I'm going to at least make some notes about how to refactor this class, but may end up doing some refactoring in this PR if it seems straightforward to fix.

@mikemhenry
Copy link
Contributor

Looks like the tests are passing now, not sure why since the committed code -- or are you talking about some failing tests happing locally?

@jchodera
Copy link
Member Author

@mikemhenry @zhang-ivy : This must be a stochastic test failure then. Can you add this to the list of stochastic test failures to revisit?

@jchodera
Copy link
Member Author

jchodera commented Jul 25, 2021

We're down to two test failures remaining!
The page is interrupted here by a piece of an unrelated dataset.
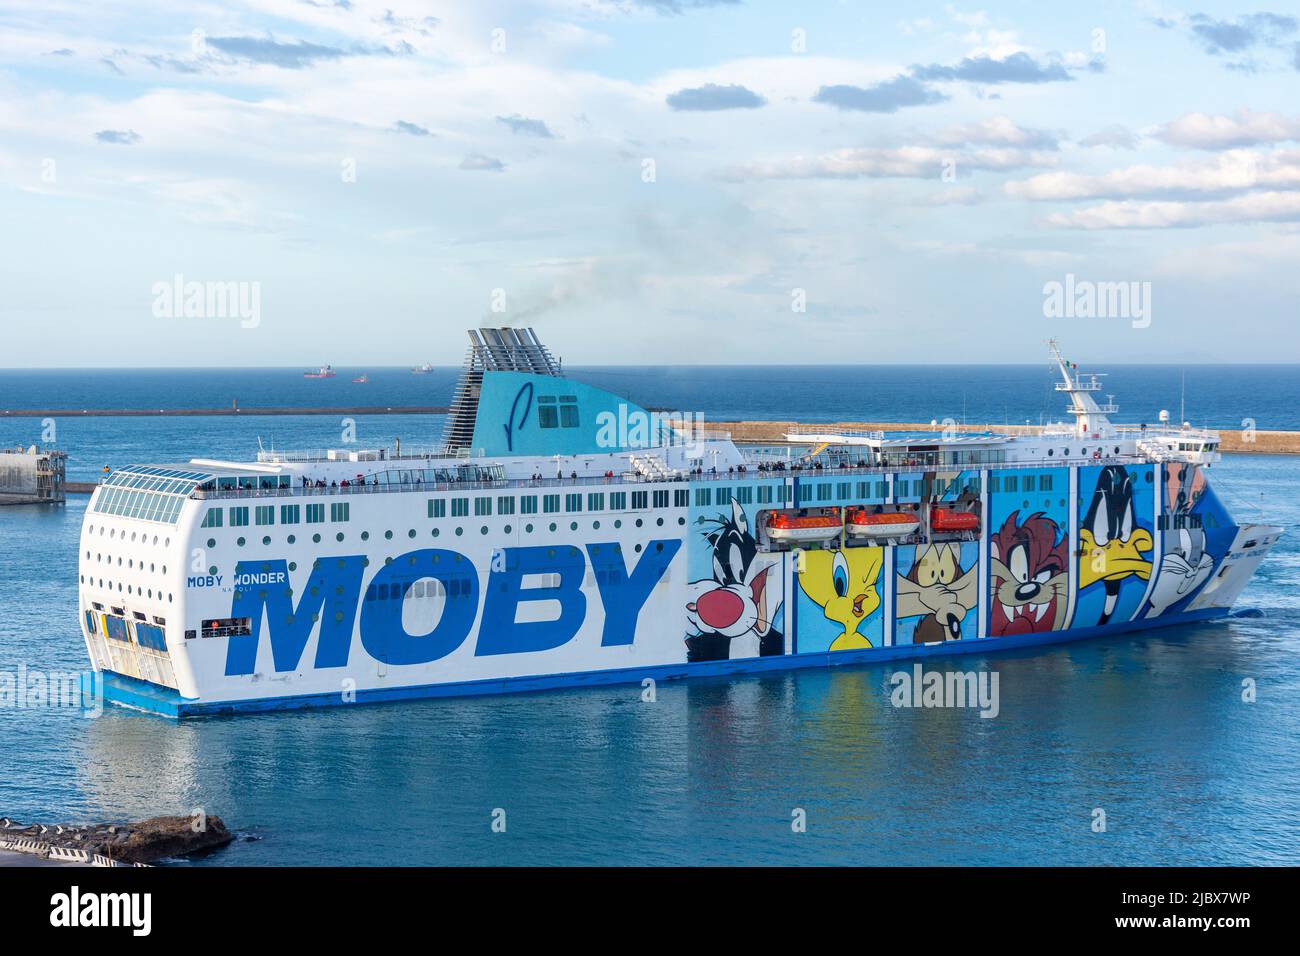 Traghetto Moby Wonder nel Porto di Livorno, Livorno, Regione Toscana, Italia Foto Stock

  • @dominicrufa @zhang-ivy : I'll need your help to sort out this issue with the repartitioned topology that likely appeared previously as a stochastic error since we were not exhaustively testing transformations here before:
Failure log for `test_RepartitionedHybridTopologyFactory_energies`

=================================== FAILURES ===================================
_______________ test_RepartitionedHybridTopologyFactory_energies _______________
[gw0] linux -- Python 3.9.6 /usr/share/miniconda/envs/test/bin/python

    def test_RepartitionedHybridTopologyFactory_energies():
        """
        Test whether the difference in the nonalchemical zero and alchemical zero states is the forward valence energy.  Also test for the one states.
        """
    
        from perses.tests.test_topology_proposal import generate_atp
        from openmmforcefields.generators import SystemGenerator
    
        # Test alanine dipeptide in vacuum
        atp, system_generator = generate_atp('vacuum')
        RepartitionedHybridTopologyFactory_energies(atp.topology, '1', atp.system, atp.positions, system_generator)
    
        # Test alanine dipeptide in solvent
        atp, system_generator = generate_atp('solvent')
>       RepartitionedHybridTopologyFactory_energies(atp.topology, '1', atp.system, atp.positions, system_generator)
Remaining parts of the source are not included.